As the Wired guide suggests, you’ll be buying dirt every season. The economics
of apartment gardening lean heavily towards that of a money-sinking hobby,
versus a money-saving task.
In more prosaic news, yesterday
I checked
the PO box, and there was mail! It’s taken more than two weeks, but
Houston mail is making its way to Madison. Mail is also starting to
arrive in the sublet mail box. Mostly fliers, but some
sublet-specific stuff.
In
other relocation news, I’ve
visited several neighborhoods, and compared them to the neighborhood
where the sublet is. While
some neighborhoods have more people outside, walking their dogs,
etc., they’re further from the office than the sublet is.

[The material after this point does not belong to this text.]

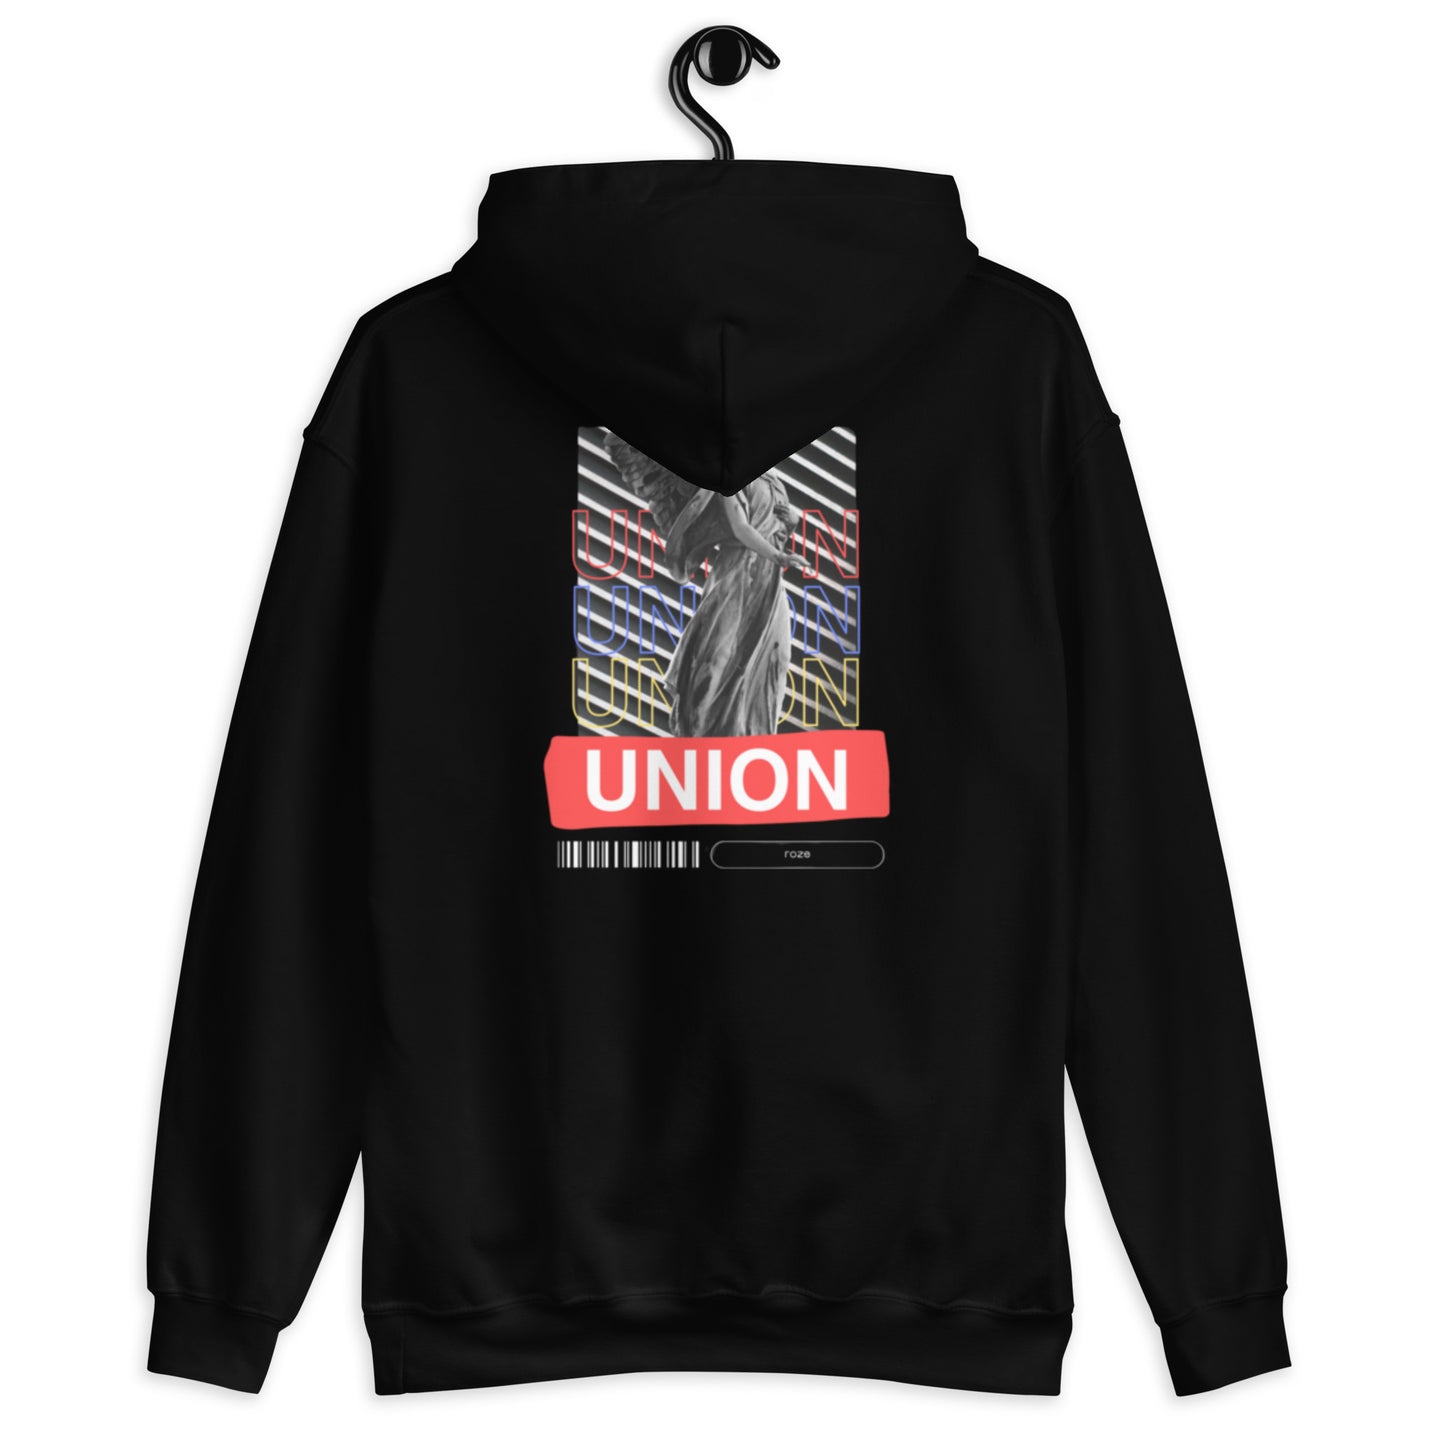 "UNION" heavy hoodie

Some
neighborhoods have no highway or airplane noise whatsoever, but
they’re much, much further from the office. Some neighborhoods have
high-quality housing, but the neighborhood itself is monolithic and
dull. One
gets the feeling that it may be a ghetto in about ten or 20 years.
Some neighborhoods have a
decent-sized grocery store (something bigger than an Aldi) within
five minutes' walking distance. But, you clearly hear the major road that is
adjacent to the grocery store.
Overall,
no neighborhood stands out as
being really better in more than one way than the
one I’m currently living.
The sublet is close to work, and
in a reasonably active, but quiet neighborhood.
The build quality of the sublet is pretty good as far as apartments
go. There are worse houses out there. But, the neighborhood is kind
of pricey, and far from major grocery stores.
Right
now, I’m unwilling to pay more than the mortgage payment
equivalent-of-rent to live further away from the office. Only one
neighborhood seems worth it, and it is the one within five minutes of a
grocery store. It also has some the cheapest real estate in the area.

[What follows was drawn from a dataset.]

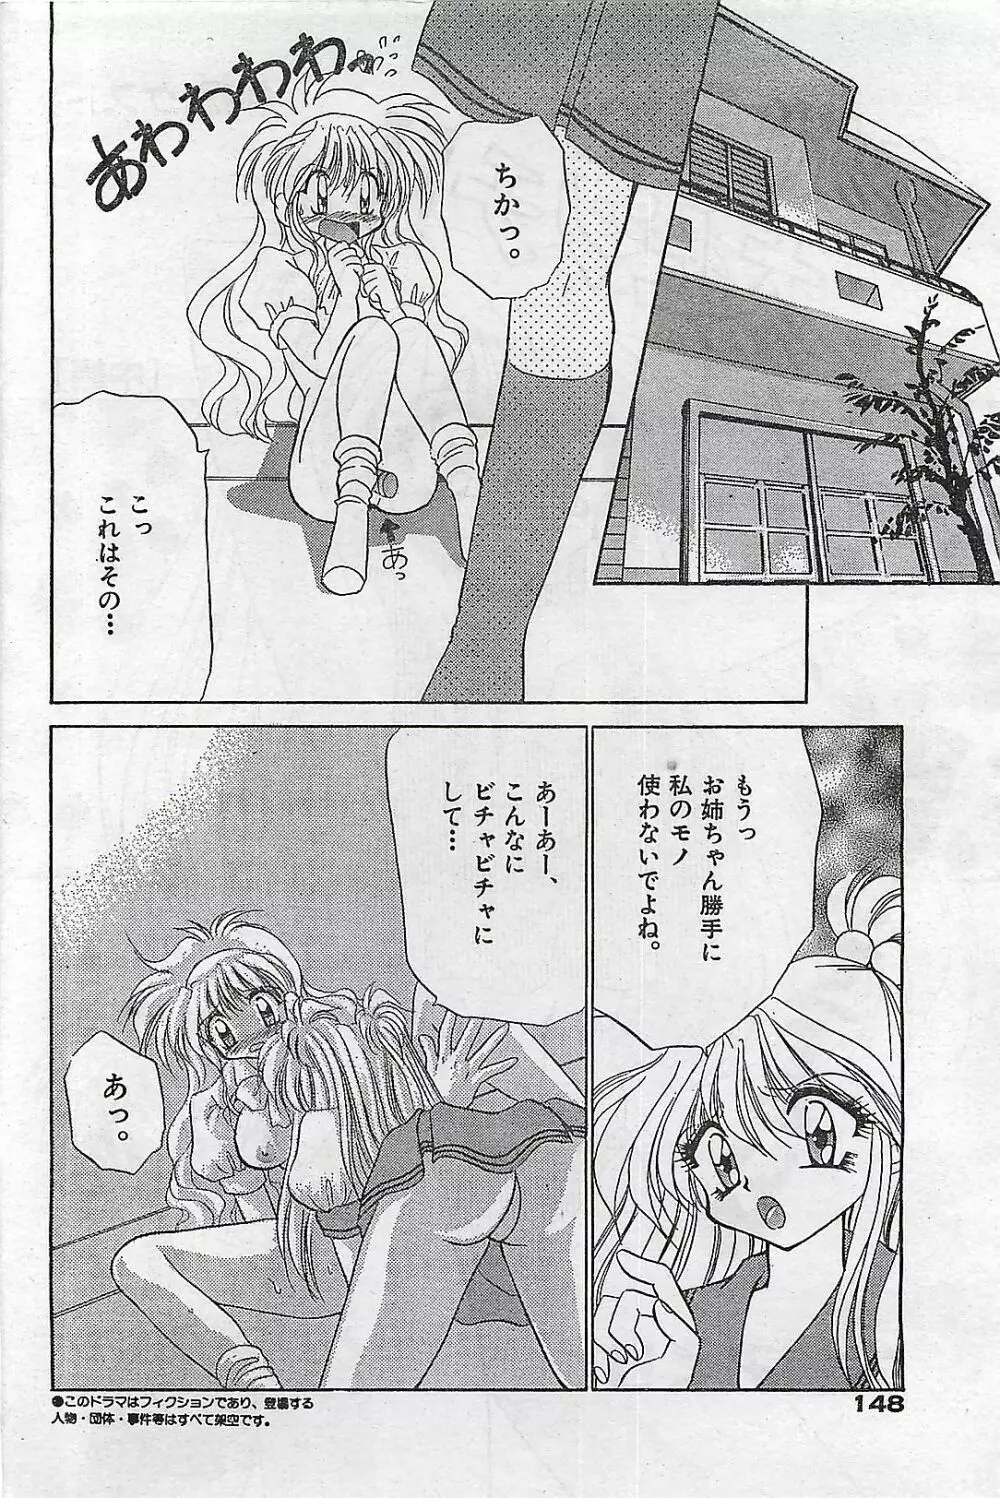 COMIC ゆみちゃん No.2 1995年08月号 148ページ

I have yet to see the inside of house that is for sale there,
so build quality is not yet fully known.
In
other words, I may just stay in the sublet. Yeah, that
means missing out on not
owning real estate in Madison. But, I already own real estate in
Houston. That house is being
rented out. Selling the house
there, to buy a house up here, is not an obvious good decision. At
least, on a five-year planning scale.
In
community events news, I’ve gone to a total of three library
events: the John Scalzi reading, a performance by Forward Theater,
and a discussion lead by Dan Egan on his new book. Forward
Theater was salaciously funny. Egan’s talk gave some ideas that
could be useful for my ecology hobby. However, it has become clear
that I should go to community events that take place somewhere other
than a library. This is not to avoid burn-out, but to avoid becoming accidentally complacent or dependent on library events.
But, the Middleton Library has indoor agriculture (sort-of), too!